Player-Character?  What kind of bullshit jargon is that? What, you can't make up your mind which one you want to be?  If you're sitting at a table, you're a PLAYER, dumbass, not a 'character' in some kind of story?  
"Oooh, look at me, I'm a special snowflake character! I'm an important person that the events of the story hinge on.  Laa dee daaa."

God, I hate that pretentious shit.

Noclue

#226
Quote from: 3rik;736680Of course, if you want to stick to the "Triggering of Moves" and "expressing everything through Teh Fiction" you're also going to need to explain each and every thing specifically, because none of that is a particularly obvious way of stating the obvious.

As Ladybird's post shows, the issue you are raising isn't solved by rewording the description. I can write "When you do something that requires agility, roll 2d6 + Dex," but that won't answer the question of what to do if the cliff is really tough. And I can write "Describe things in the game world" but that won't fix anything either. You still won't know how to deal with a steeper cliff when they roll their 2D6.

Wording isn't the issue, design is. The game does not use mechanics to simulate different difficulties, but relies on the GM's ability to follow set of principles. Once you make that choice, you really do have to put some specific examples in the book for things that would be a simple matter of adding a +1 difficulty modifier in other games. But, I don't think being the simplest answer, or the easiest to describe, in all cases was a design goal.
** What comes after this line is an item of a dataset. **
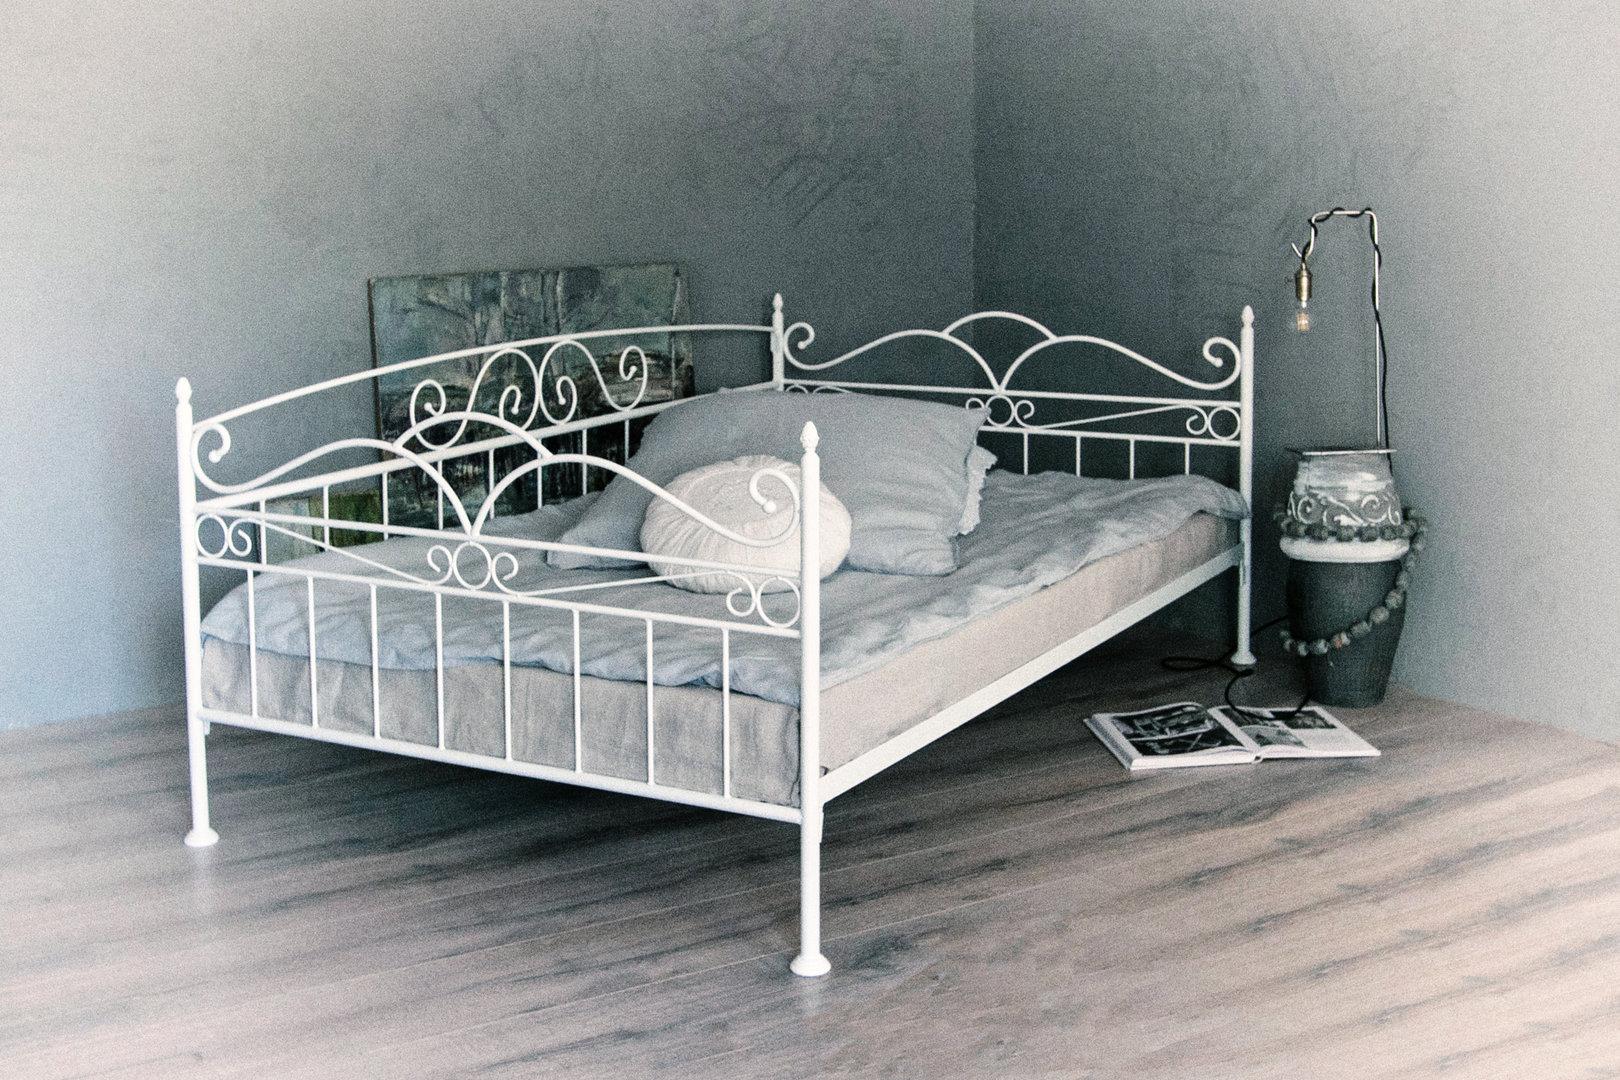 Full Size of Trend Sofa Bett 140x200 In Weiss Ecru Transparent Kupfer Badewanne Bette Joop Betten Barock Günstige 180x200 Rauch Niedrig 140 X 200 Mit Stauraum 160x200 Bett Bett Weiß 140x200

So, if you said that telling GMs how to run the game would be easier if you were describing a different one, I guess I'd agree.

Adric

Quote from: 3rik;736680Of course, if you want to stick to the "Triggering of Moves" and "expressing everything through Teh Fiction" you're also going to need to explain each and every thing specifically, because none of that is a particularly obvious way of stating the obvious.

There are few games of any sort that don't have their own terminology, and the roleplaying scene is lousy with it. You've absorbed these terms as part of your hobby, but that doesn't make them any less impenetrable to an outsider.

Fiction may or may not be a new term to roleplaying games, but it definitely isn't a new word to the english language. It's not an abbreviation or using some esoteric interpretation. It's using a common definition for the word.

fiction
fic·tion  [fik-shuhn]
noun
1. the class of literature comprising works of imaginative narration, especially in prose form.
2. works of this class, as novels or short stories: detective fiction.
3. something feigned, invented, or imagined; a made-up story: We've all heard the fiction of her being in delicate health.
4. the act of feigning, inventing, or imagining.
5. an imaginary thing or event, postulated for the purposes of argument or explanation.

In contrast, type "Game world" into an online dictionay. then type it into google. Then, type "Game world RPG" into google. If none of those give you a clear definition of this term, type in the question "What does game world mean" and click on the top result.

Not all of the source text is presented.